Although gender socialization is well underway before children reach preschool, stereotypical differences between boys and girls are typically reinforced, rather than diminished, by their early educational childhood experiences. Teachers have a large role in reinforcing gender stereotypes by limiting children's choices at this young age, thus not allowing boys to explore their feelings or their understandings about gender freely. This is done through the endorsement of hegemonic masculinity embodying physical domination, strength, competitiveness, sport, courage, and aggression. These gendered performances are based on society's construction of femininity and masculinity in relation to heterosexuality. Heteronormativity is the standard for children; despite their obvious sexual innocence, heterosexuality is ingrained in children in their acting of gender from an early age.

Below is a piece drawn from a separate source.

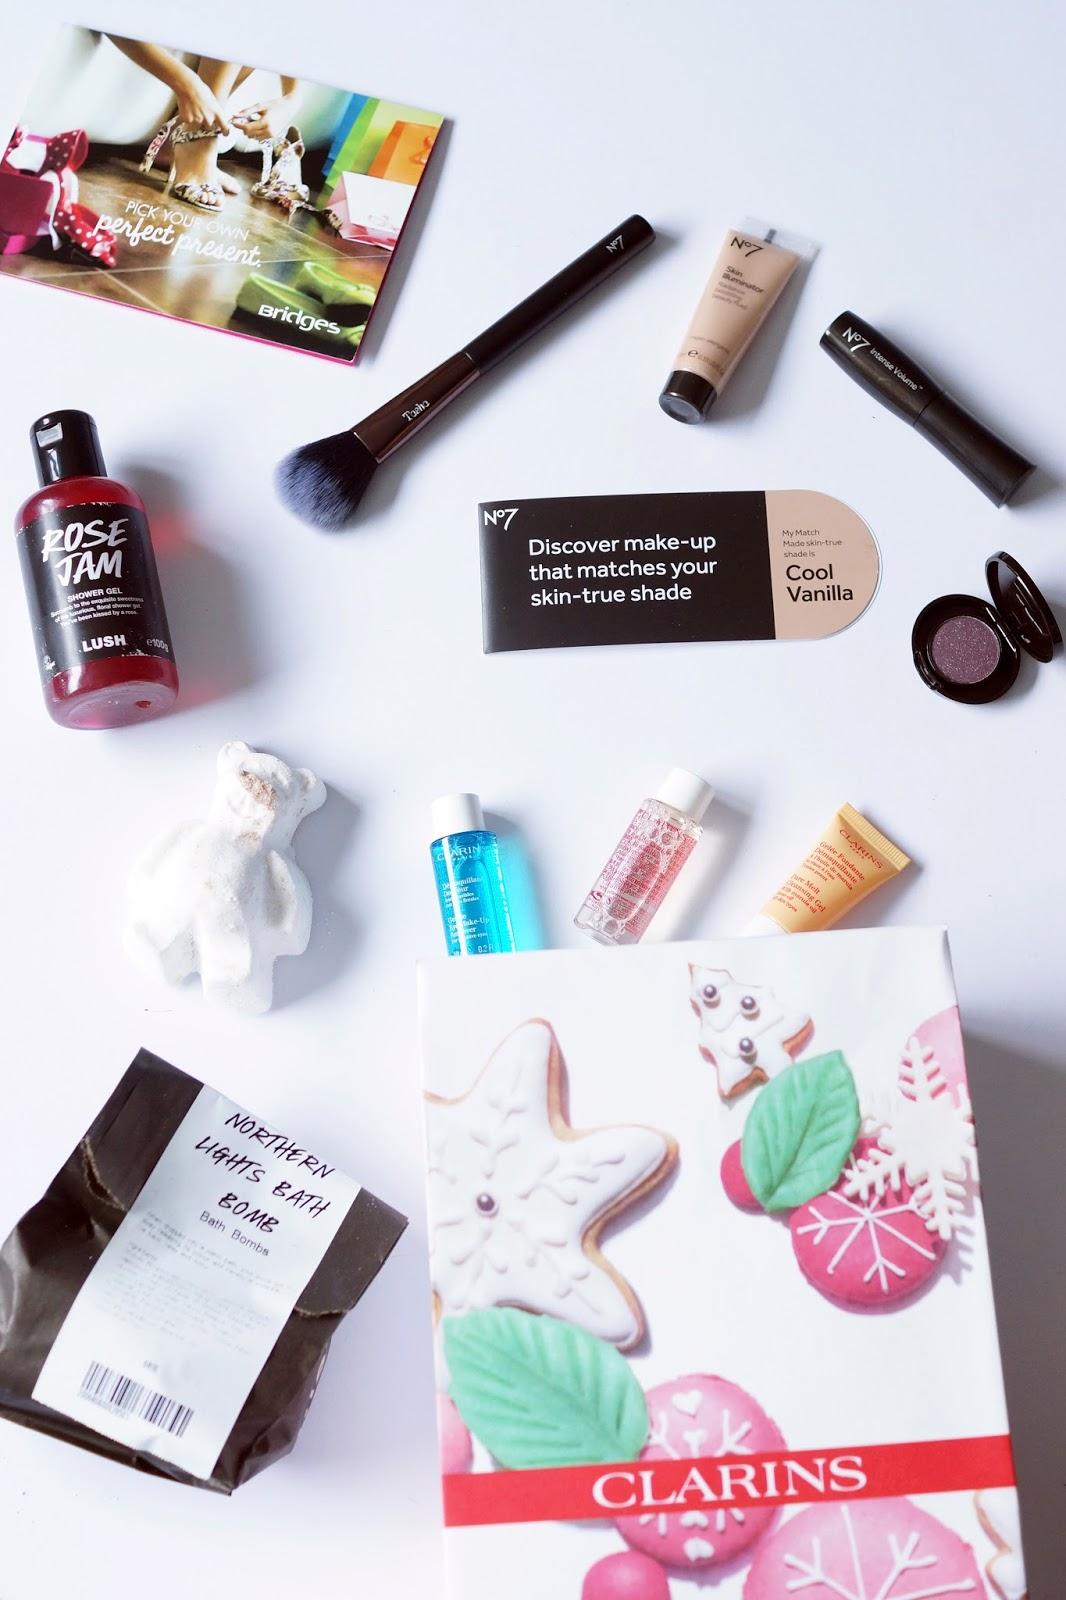 Hello Freckles Beauty The Bridges Sunderland NeBloggers Boots Debenhams Skincare Makeup Shopping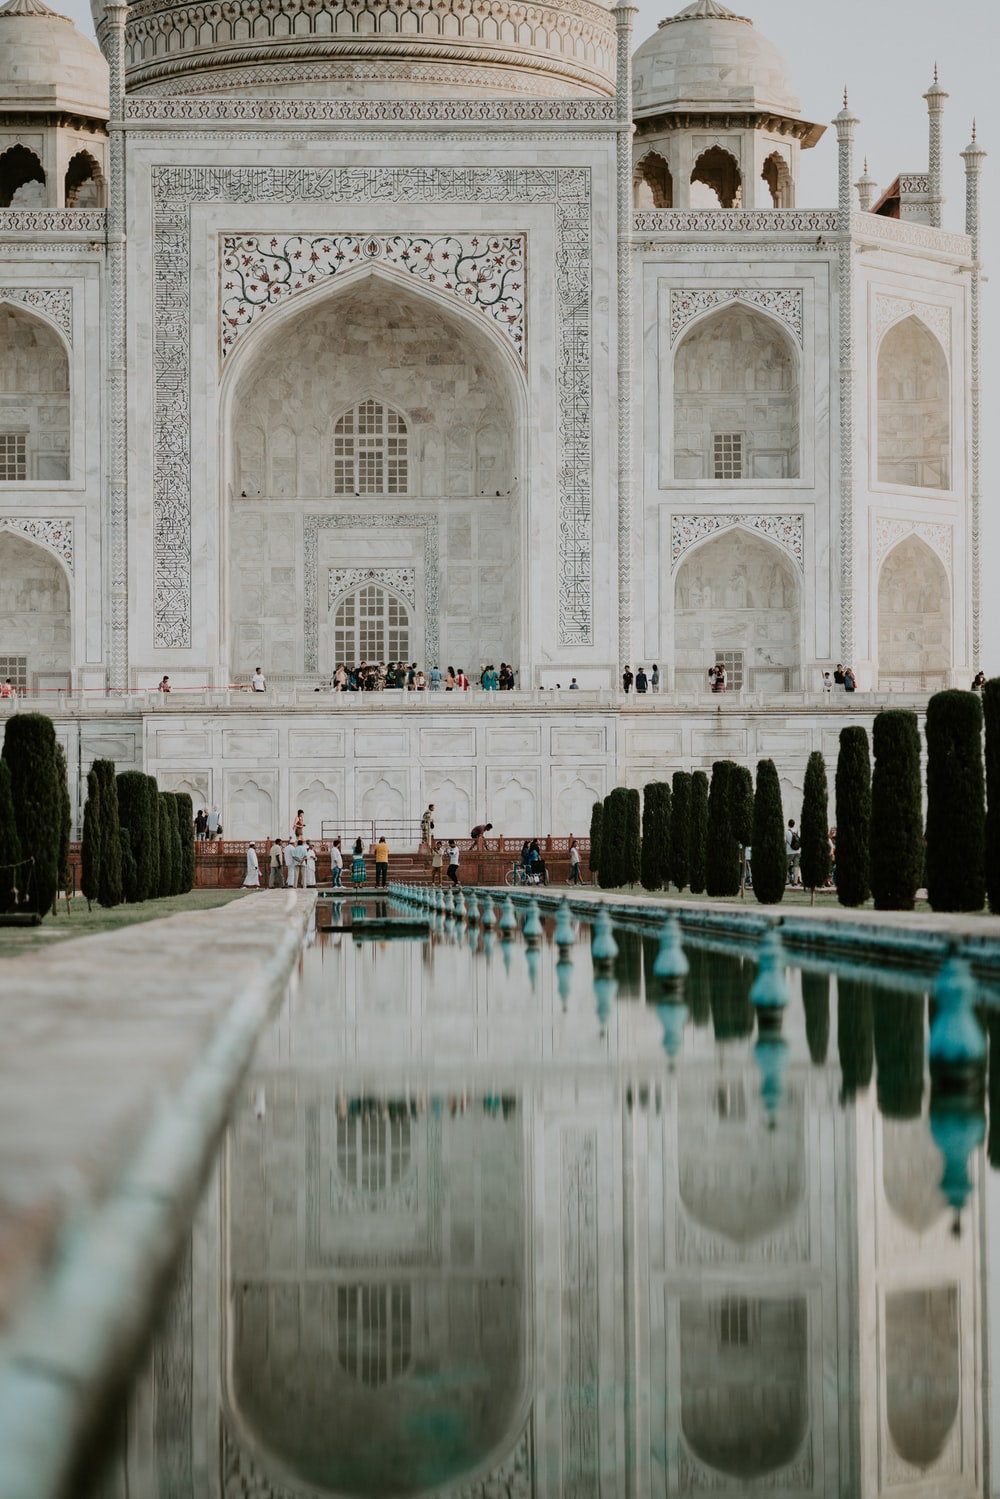 people standing in front of Taj Mahal

Another factor that contributes to gendered behaviour and roles is the greater visibility, importance, and presence of males than females in literature, and in the language that teachers use for communication and instruction. Male-generic pronouns are a special problem in early childhood settings. A recommended method to help gender barriers disappear is specific training for teachers and more education on the topic for parents. Though, an ultimate conclusion by one author notes that young children know, feel, and think gender despite the wishes of adults to make gender disappear in their lives.

===Middle childhood===
A lifespan perspective must be considered when discussing gender normalization. But one must also consider cultural hegemony in this stage of the lifespan as a child develops more of an understanding of their culture and begins to display original ideas of cultural norms as well as social norms. According to the constructivist emphasis, the man/woman dichotomy is not the "natural" state, but rather a potent metaphor in Western cultures. Building social relationships and developing individuality are essential benchmarks for this age of middle childhood, which ranges from eight years old to puberty. A young boy is trying to navigate falling within the social structure that has been laid out for him, which includes interacting with both sexes, and a dominant notion of maleness. The gender environmentalism, which emphasizes the role of societal practices in generating and maintaining gender differentiation, still plays a part in this stage of life, but is possibly more influenced by immediate and close interactions with boys close to their age. The boys organize themselves in a hierarchical structure in which the high-status boys decide what is acceptable and valued – that which is hegemonically masculine – and what is not. A boy's rank in the hierarchy is chiefly determined by his athletic ability.

One site where gender is performed and socialized is in sport. Violent sports such as football are fundamental in naturalizing the equation of maleness with violence. Displays of strength and violence, through sports like football, help to naturalize elements of competition and hierarchy as inherently male behaviour. There is considerable evidence that males are hormonally predisposed to higher levels of aggression on average than females, due to the effects of testosterone. However, the violent and competitive nature of sports like football can only be an exclusively masculine domain if girls and women are excluded from participating altogether. The only means through which women are permitted to participate in football is as the passive spectator or cheerleader, although women do sometimes participate in other violent contact sports, such as boxing.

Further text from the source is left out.